What is it that made Joseph unable to restrain himself any longer? We’ve got to go back in the story a little bit, to the beginning of chapter 44, where Joseph, having received his brothers with amazing grace when they expected him to accuse them of being thieves in addition to being spies, sends them away again, back to the land of Canaan, back to their father Jacob with youngest brother Benjamin safely in tow, back with their brother Simeon recently released from prison. Things are on the ups for the brothers. They figure they’ve been pretty lucky to dodge some serious bullets by this point. But Joseph has just one more trick up his sleeve to knock his still graceless brothers – his brothers who still know only one word: retribution – to knock them down from whatever position they still think have to buy themselves out of trouble. Actually, he drives them to the point of total despair. Why? For what purpose? So that they can then be in the position to receive his grace as just that – as grace, as nothing but totally undeserved, unearned favor - and also so they can finally be reconciled to him on the basis of his grace, and not on the basis of what they think they can do to pay of their debt to him. In the same way the Law of God drives us to despair of our own righteousness, so that we can be reconciled to the God we’ve offended by our sins purely on the basis of His grace, and not on the basis of our works to try to make things right.

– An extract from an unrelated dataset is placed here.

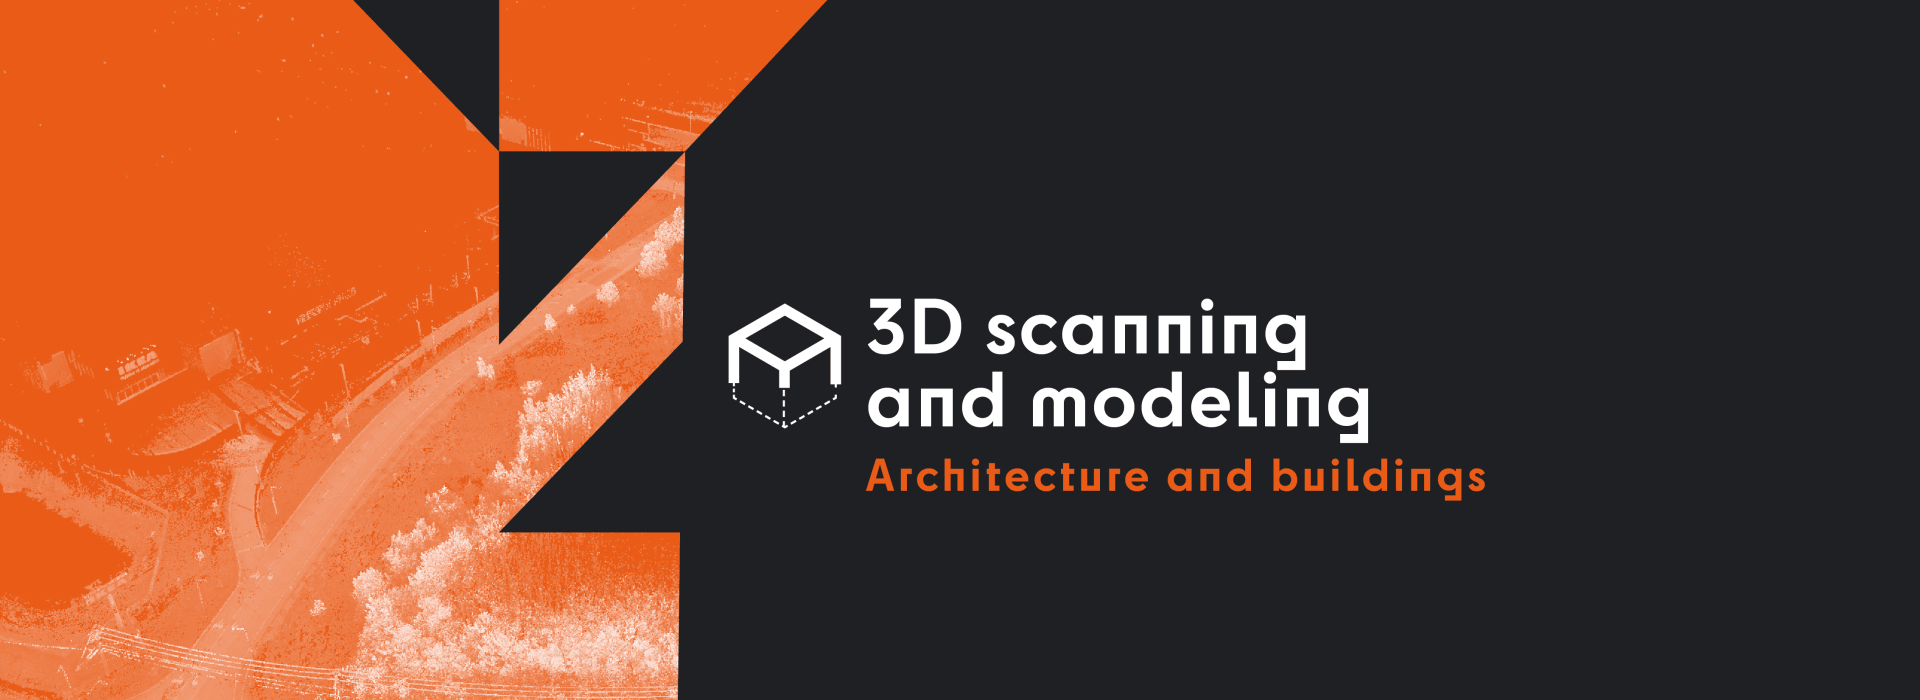 ANGLAIS_WebBanner_3D scanning - Archit and build

You see, there was nothing the brothers could do to pay their debt to Joseph. They could never return the years they’d stolen from him. They could never give him back the lost time with his beloved father and his younger brother. And so it could only ever be on the basis of grace that they’d be reconciled to him. And that’s the same way it is with us. There is nothing we can do to pay our debt to God. How can you pay an infinite debt to an infinite Being? So if we are to be reconciled to Him, it can only be by His totally undeserved, unearned favor – by His grace. But we first have to be brought to the point that we know we can’t earn God’s grace to able to receive God’s grace as grace.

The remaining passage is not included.